The Heckengäu is a part of the Gäu, a region in the counties of Böblingen, Calw, Ludwigsburg and Enzkreis in the German state of Baden-Württemberg. Part of the landscape in the county of Calw is called Schlehengäu. Hence it is also called the Hecken- und Schlehengäu.
The Heckengäu lies west of the state capital of Stuttgart. It forms an elongated strip of land, over 50 km long, running from Vaihingen an der Enz in the north to Haiterbach in the south, and covers parts of the counties of Böblingen, Calw, Ludwigsburg and the Enzkreis. In the west it borders on the Northern Black Forest and, in the east, on the regions of the Korngäu, Strohgäu and Schönbuch. Together with the Korngäu, Strohgäu and Zabergäu it makes up the Baden-Württemberg Gäu.
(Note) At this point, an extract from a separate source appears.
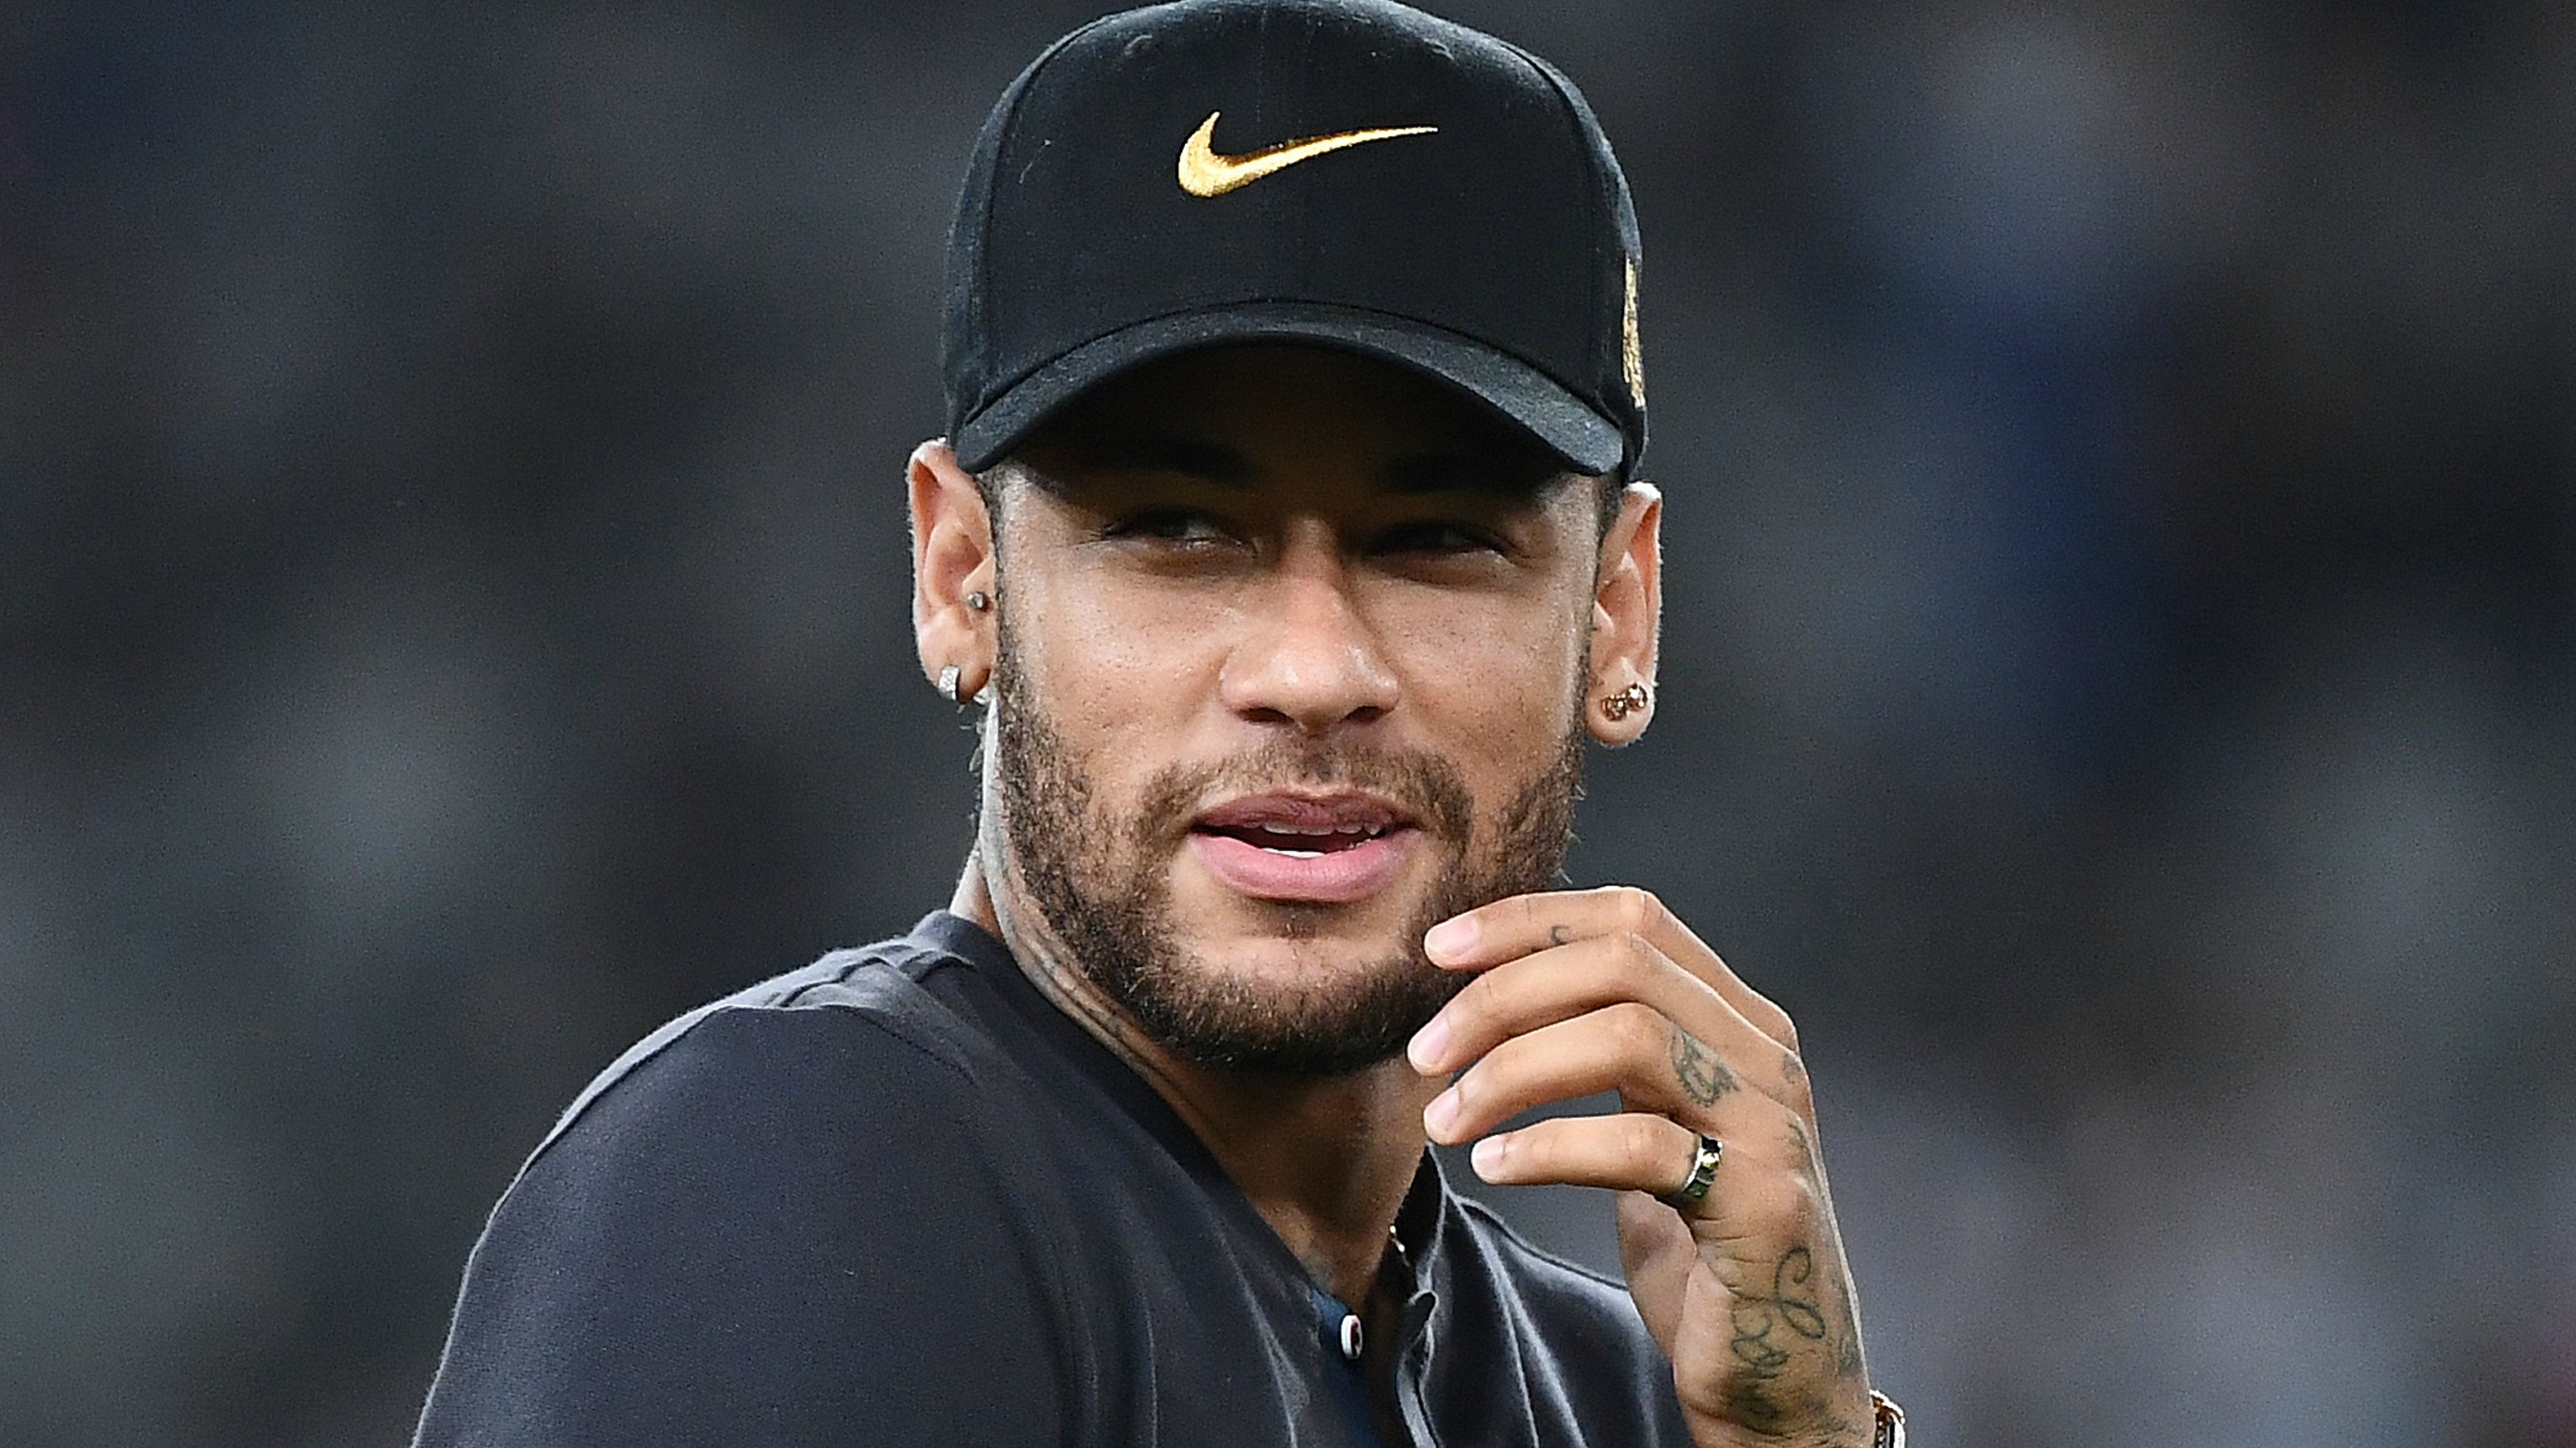 Juiz determina que Neymar pague R$ 88 milhões em dívidas - ISTOÉ Independente
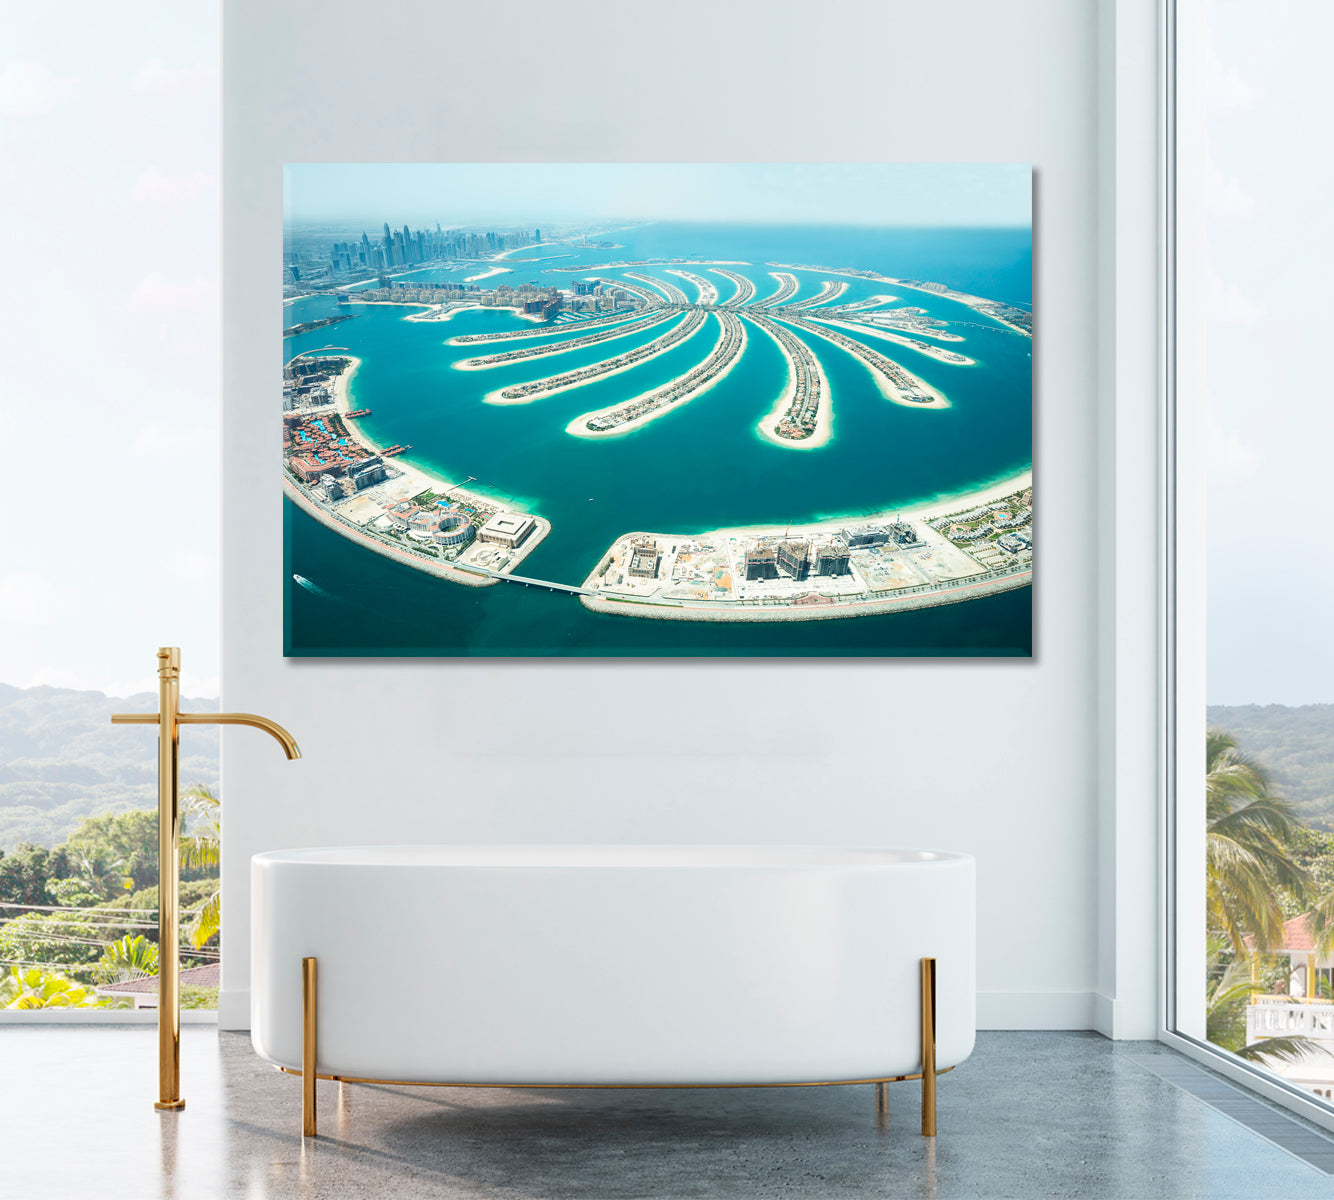 Jumeirah Palm Island Dubai Canvas Print ArtLexy 1 Panel 24"x16" inches

The Heckengäu is an agricultural region, characterized by a rolling, heavily farmed landscape (the Gäulandschaft or Gäu landscape). Due to its karstified muschelkalk bedrock, the Heckengäu is a dry, edaphic region. Its typical soils are rendzinas and, in terrain hollows, loess deposits from which brown earths (Parabraunerden) can form. The Heckengäu has karstic topographic features such as dry valleys, dolines, karst springs, pots and washouts (Ausschwemmungen). The Heckengäu is also characterised by juniper heaths and orchards, but most of all by hedges that are grow on rows of fieldstones and are reflected in the name of the region (Hecken = hedges). The sloe hedges typical of the eastern Calw county also give the region there its local name of Schlehengäu.